WORK ITEM: Images are not part of the copy; transcribe all the data exactly.

DATA:
══════════
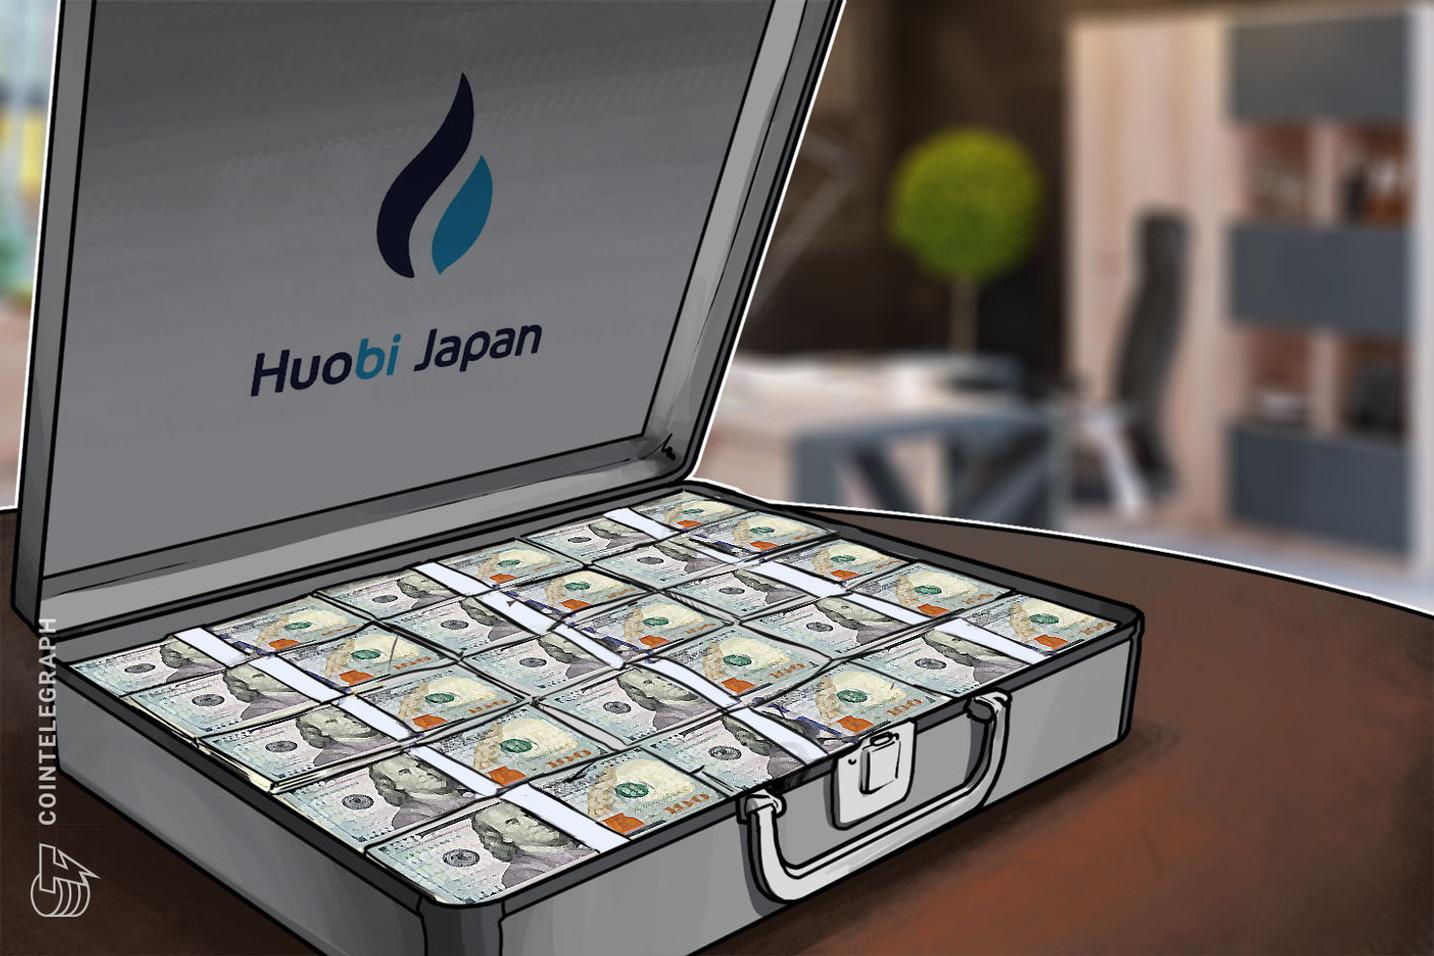 仮想通貨取引所フォビジャパンが約5億円調達 リース事業のFPGが出資 | デジタル証券分野で協働も【ニュース】
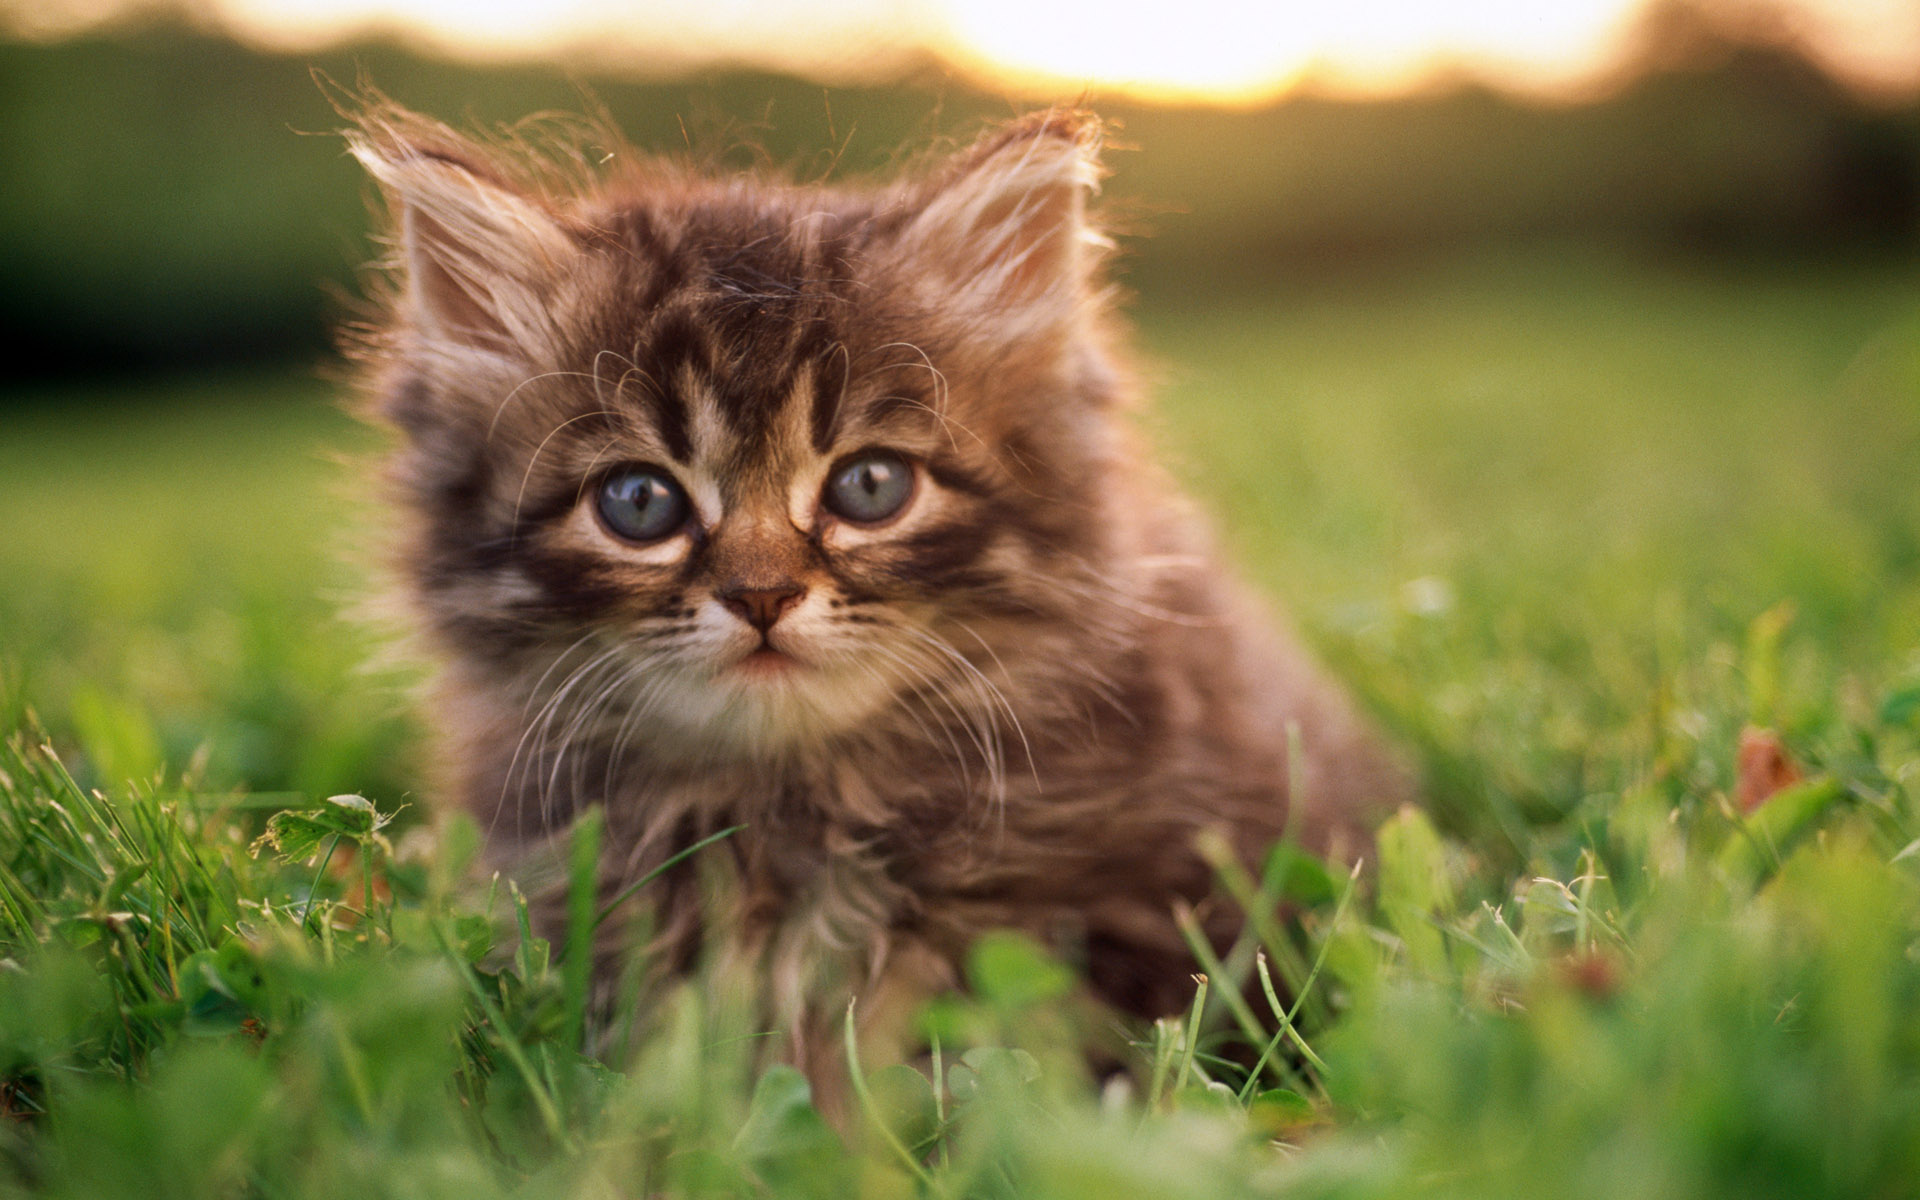 картинки для планшета про котят предлагаем
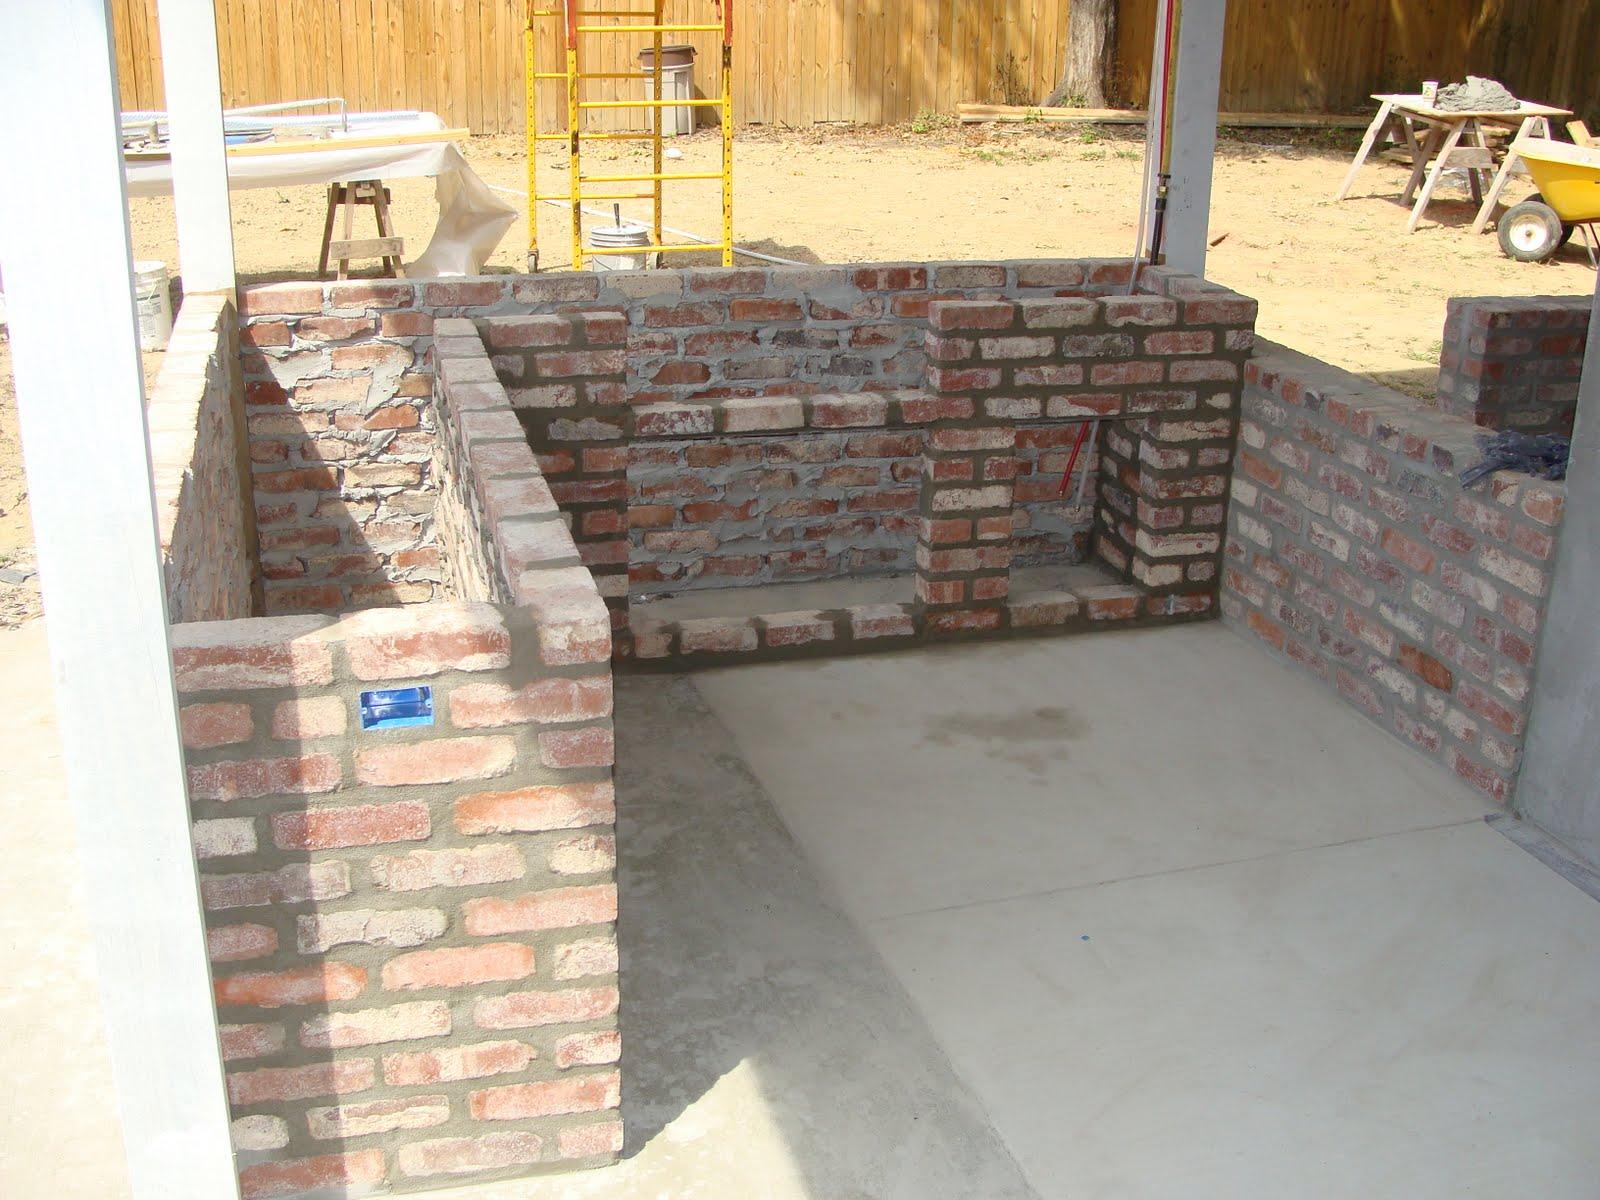 The Ross\': Painted brick, outdoor kitchen, backdoor...YEAH!
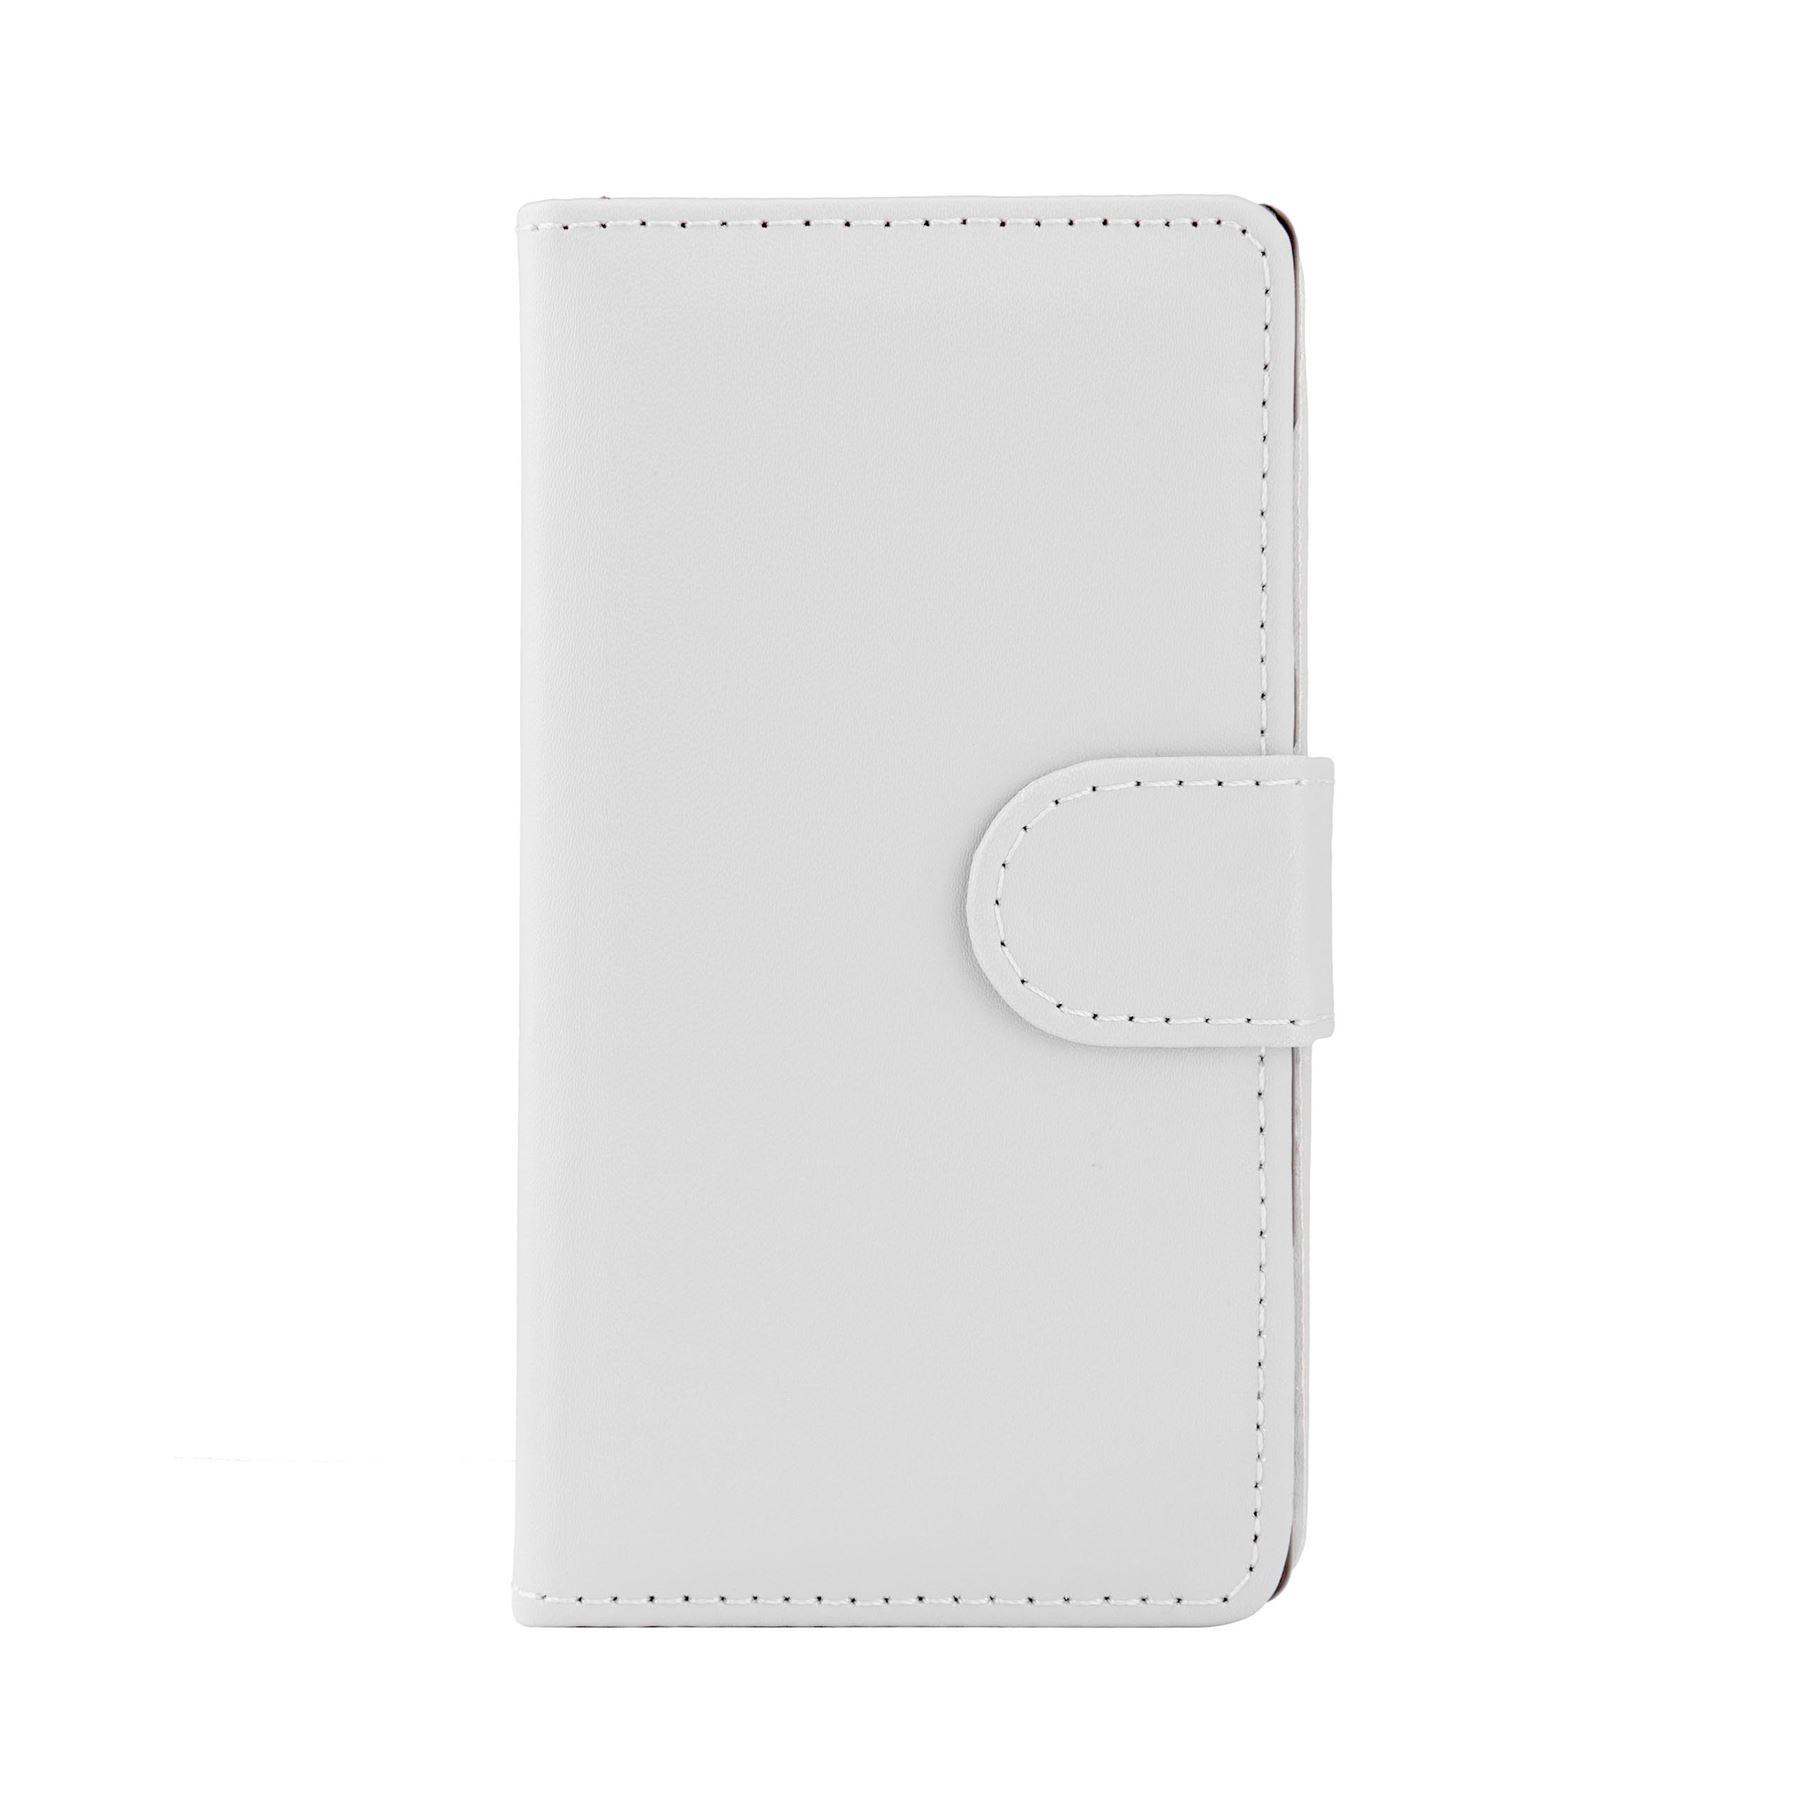 Cuero PU Abatible Billetera Estuche Cubierta para Microsoft Lumia 950 Libro de la serie 32nd
══════════
TASK ANSWER:
 仮想通貨取引所フォビジャパンが約5億円調達 リース事業のFPGが出資 | デジタル証券分野で協働も【ニュース】
 картинки для планшета про котят предлагаем
 The Ross\': Painted brick, outdoor kitchen, backdoor...YEAH!
 Cuero PU Abatible Billetera Estuche Cubierta para Microsoft Lumia 950 Libro de la serie 32nd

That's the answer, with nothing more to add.